In our work we compared three color spaces for analyzing color images: RGB, LAB, and the deconvolved HE color space using the Ruifrock and Johnston algorithm (45). Example image panels in these three color schemes are shown in Fig. 4 using a portion of a TMA core with benign (nevus) tissue. The component channels of the same color image panels (4a) are displayed using HE (H and E in 4b and 4c, respectively), LAB (channels L, a*, b* in Fig. 4d–f, respectively), and RGB (R, G, and B in Fig. 4g–i, respectively). As one can easily see in Fig. 4, visual patterns in the three RGB channels (Fig. 4g–i) appear very similar to each other. This is not the case for H and E channels (Fig. 4b–c), and the component channels in LAB space (Fig. 4d–f) appear somewhat less redundant morphologically, but not as independent as the HE channels. The H&E’s stain concentrations carry the most relevant biological signal, corresponding to cell nuclei and cytoplasm. The size and shape of nuclei have been consistently considered important and indicative markers in cancer diagnosis (50,51), and thus we used the H channel for subsequent classification.

Figure 4.

Figure 4

Different color spaces used in tissue classification: a) original tricolor RGB, b) HE (H), c) HE (E), d) Lab (L), e) Lab (a), f) Lab (a), g) RGB (Red), h) RGB (Green), and i) RGB (Blue).

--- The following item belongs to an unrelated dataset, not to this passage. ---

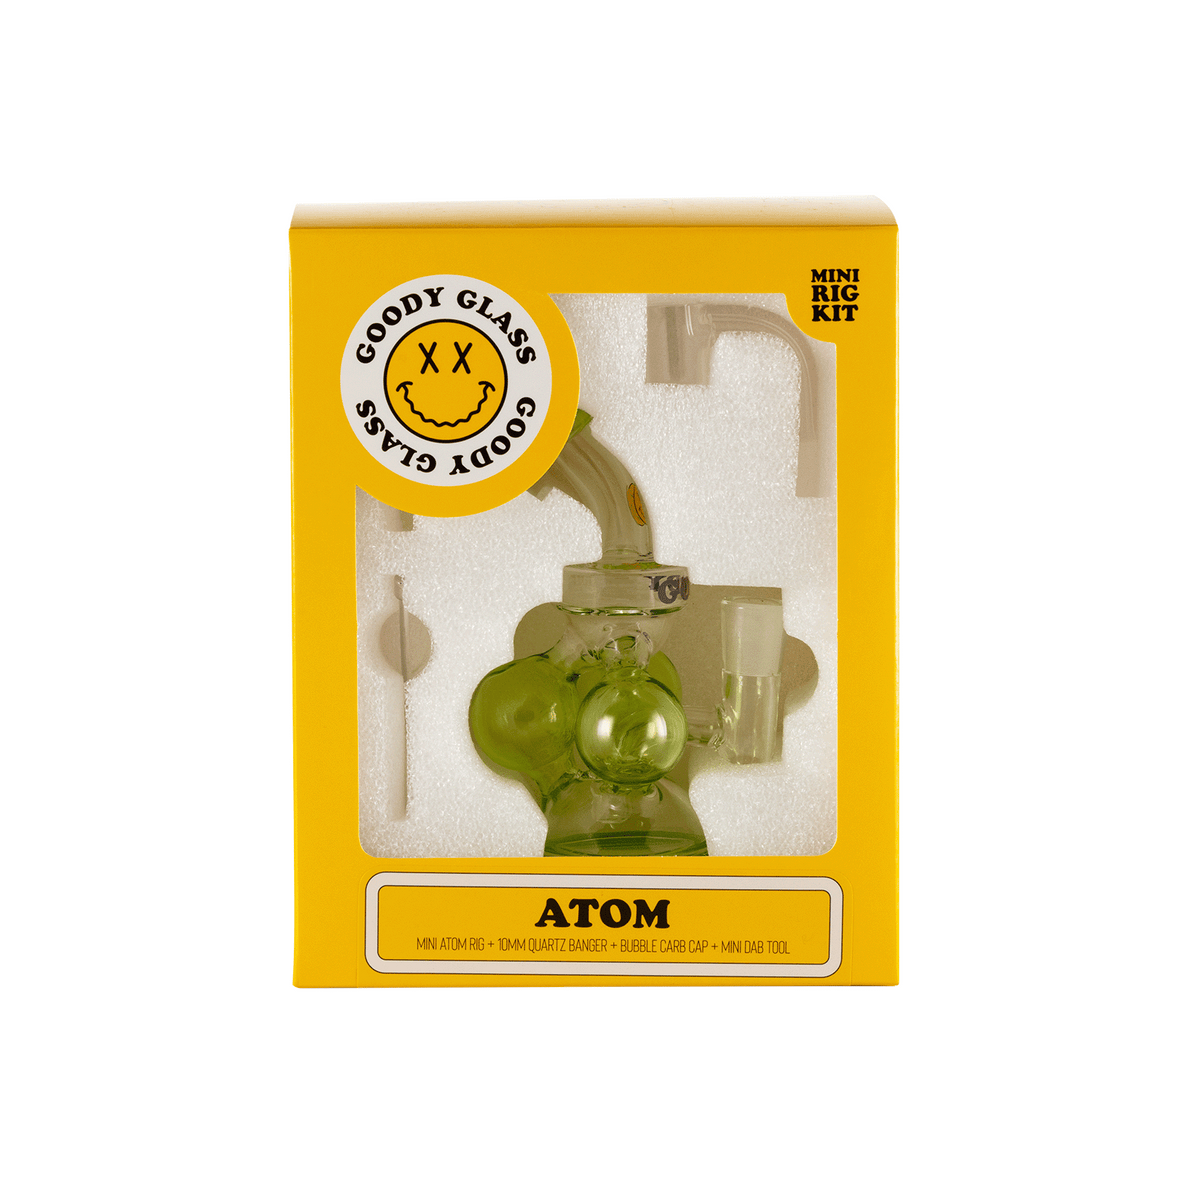 “Atom” Mini Dab Rig - Full Kit

The classification scheme shown in Fig. 3b allows working with arbitrary kinds of multi-channel data because it relies on a global set of image features and does not rely on additional parameters or segmentation that may effect subsequent classification. This non-parametric approach allows for direct comparisons of the relative information content of different color schemes for classification purposes using one or more channels. Table 1 shows the average classification accuracy for the seven tissues using three classifiers (WND, RBF, and kNN) and three color spaces (RGB, LAB, and HE). Although the three classifiers perform similarly to each other in the three color spaces, there is a significant and consistent difference in classification accuracy between the three color spaces tested. The average accuracy over the three classifiers in LAB and RGB was modest (72% and 75%, respectively), but was markedly higher in the HE space (95%). We conclude that the HE space provides the best signal, allowing the single H-channel to outperform the three-channel spaces RGB and LAB.

Table 1.

Comparison of classifier accuracy (%) on RGB, LAB and HE data sets (the error is the standard deviation for eight different data splits). All three classifiers achieved their highest accuracy on HE set; average of all three accuracies is 94% -- noticeably above the results for RGB and LAB sets.

Data Set RGB LAB HE
WND 82.1 ± 2.3 73.1 ± 2.8 95.7 ± 0.4
RBF 70.3 ± 4.1 73.2 ± 1.6 94.4 ± 1.6
kNN 72.2 ± 0.8 69.9 ± 3.0 93.6 ± 3.3
Classifiers’ average 74.9 72.1 94.6

All classifiers performed very similarly to each other within each color space, with the exception of RGB where WND outperformed kNN and RBF by 10% and 12%, respectively. We also performed a comparison of different feature selection and ranking methods for the WND classifier operating on the H channel of the HE color space. The accuracy of the WND classifier with Fisher ranking and weighting (96%) was similar to the result obtained using Pearson correlations (94%). We obtained similar results (96%) using the mRMR algorithm (49), which constructs a feature sub-space using a minimal redundancy and maximal relevance criterion. These observations led us to conclude that the choice of classifier and feature selection or ranking method makes little difference in the classification accuracy of this data set. In contrast, the findings in Table 1 show that the choice of color space is more important for accurate classification than the choice of classifier or feature selection algorithm, and that the reconstructed HE color space provides the best classification results because it is more representative of the underlying biologically significant morphological signal.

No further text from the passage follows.